Es como drenar una infección local -contestó.

Con el tiempo, Karla, la novia de Emilio, también se hizo amiga de Carlos.


Salían a veces.
Una de esas ocasiones, Carlos les presentó a su novia Jezz.
Venía de Guanajuato a pasar el fin de semana con él.
Hubo buena química, así que de ahí en adelante las dos parejas convivieron en varias
oportunidades.
Carlos se integraba cada vez más a suvida en San Juan del Río.
Con don Roberto Buendía, el dueño del Tapatío, se creó una relación de afecto e incluso
éste le empezó a enseñar los fundamentos de la carpintería y ebanistería.

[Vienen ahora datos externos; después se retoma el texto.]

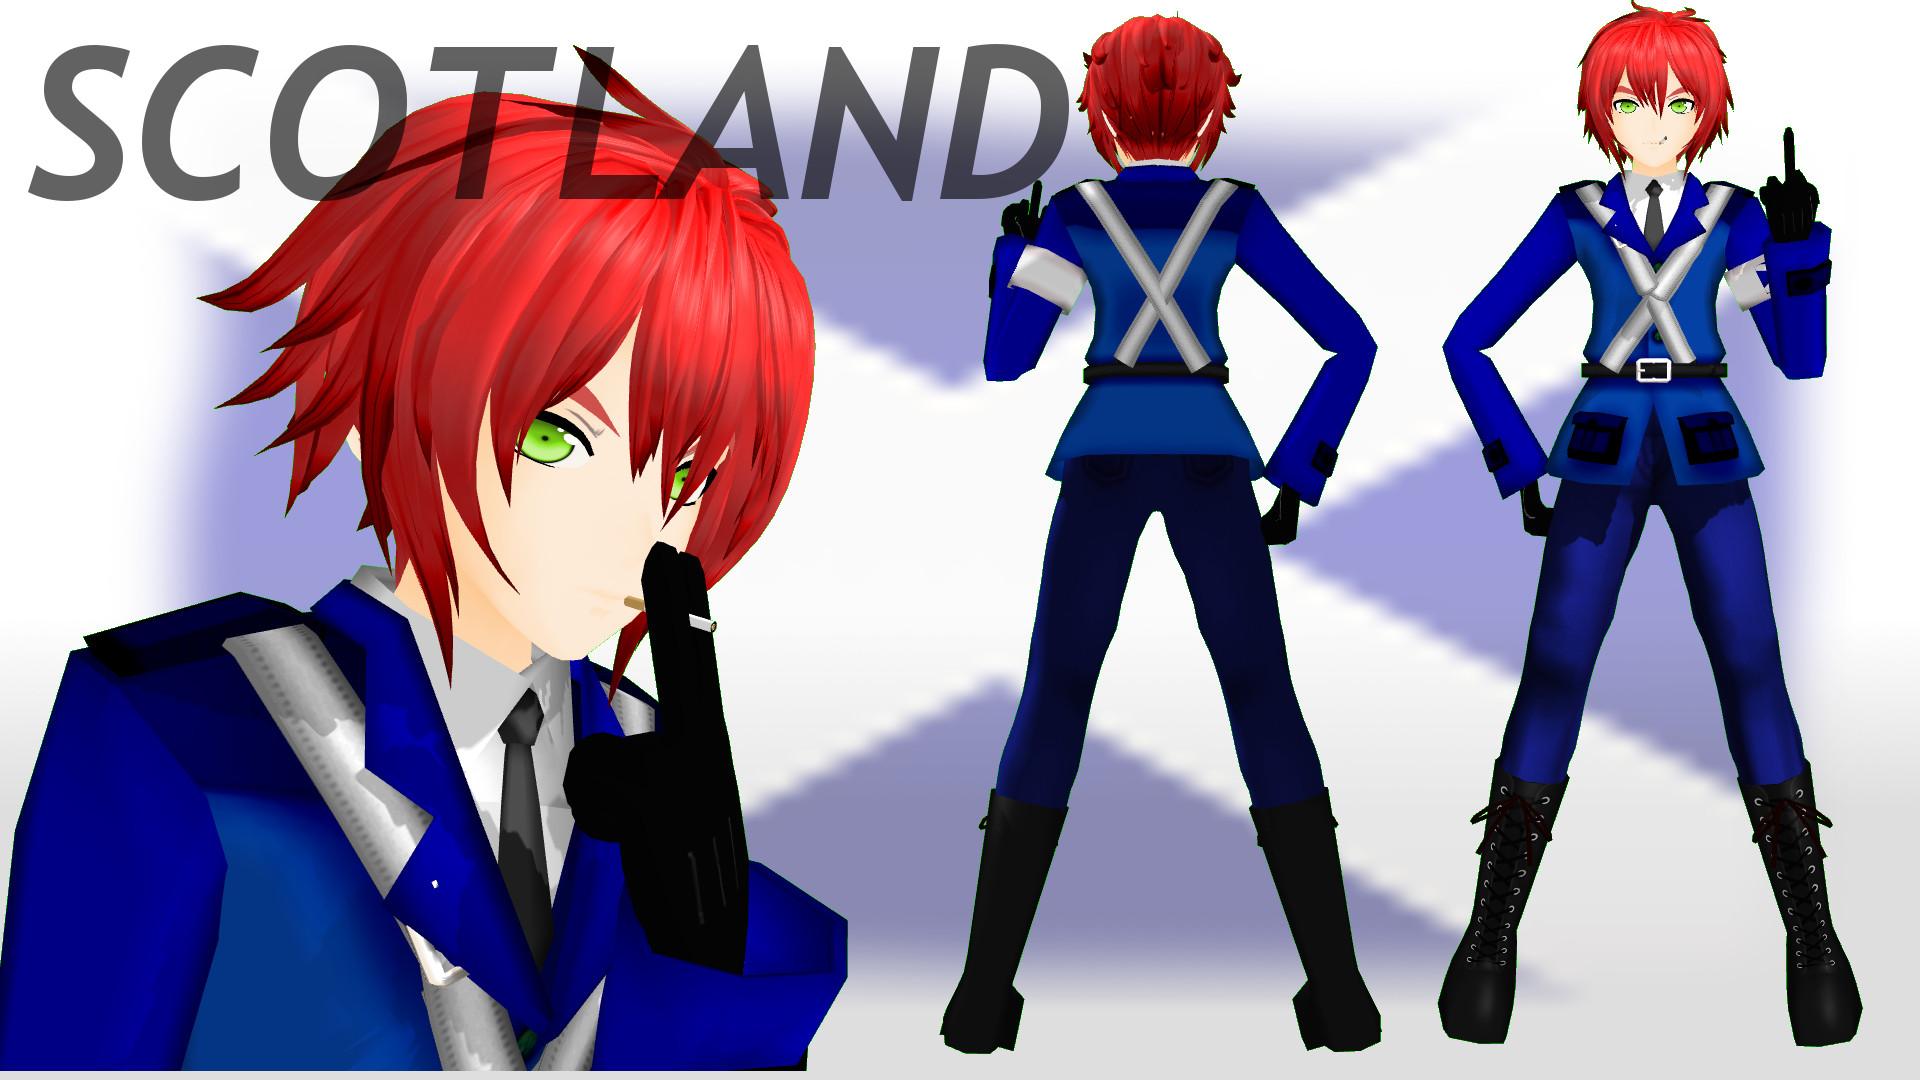 MMD Hetalia Scotland! DL by PrincessSushiCat

Digamos que la vida, apacible y con ciertas limitaciones económicas, corría bien para
Carlos.

Había cumplido casi un año de haber llegado a San Juan y por fin le quedaba tiempo para
leer también.
De hecho, en abril de 2014, había devorado Cien Años de Soledad, más o menos en las
mismas fechas en que el autor Gabriel García Márquez había muerto.

Eso es, hechos más, hechos menos, lo que Emilio sabía de su amigo Carlos.
Picado por la insistencia de la cajera de la cafetería, tomó el teléfono y llamó a su cuñado,
un policía judicial de Querétaro, para que le ayudara a investigar si lo habían secuestrado o
por qué se lo habían llevado.

***
Como si no fueran suyas, las manos de Javier se aferran al cuello de Sandra.
Aprietan, más y más.
Javier no lo ve en ese instante, pero se comporta como si otra persona tomara posesión de
él.
Aprieta las manos.
No afloja.
Aprieta más tiempo.
Pasan los segundos.
Una eternidad contenida en una fracción de tiempo.
Oprime el cuello hasta que percibe que ella ya no hace fuerza.

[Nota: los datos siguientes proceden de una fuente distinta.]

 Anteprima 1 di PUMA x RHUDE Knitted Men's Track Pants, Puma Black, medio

Javier se asusta, se levanta y regresa a su cuarto.


Está congelado.
No sabe qué con ella.
Piensa que quizá sólo se ha desmayado.
Regresa a verla.
La oscuridad se ha apoderado del lugar y prende las luces.
Se da cuenta de que no se mueve.
La intenta despertar, busca que vuelva en sí, pero entonces ya no hay manera de que evada
la realidad: está muerta.
Se apanica más.
Su cabeza gira y gira, no sabe qué está haciendo ni qué está pensando.
No sabe ni cómo.

Lo invade la idea de que tiene que sacarla, pero cómo hacerlo sin que lo vean.
Piensa y piensa.
Y se aferra a la idea de sacarla a como dé lugar.
Intenta cargarla como a las novias cuando se casan, pero no puede levantarla ni del suelo.
A su cabeza llega, entonces, pura basura.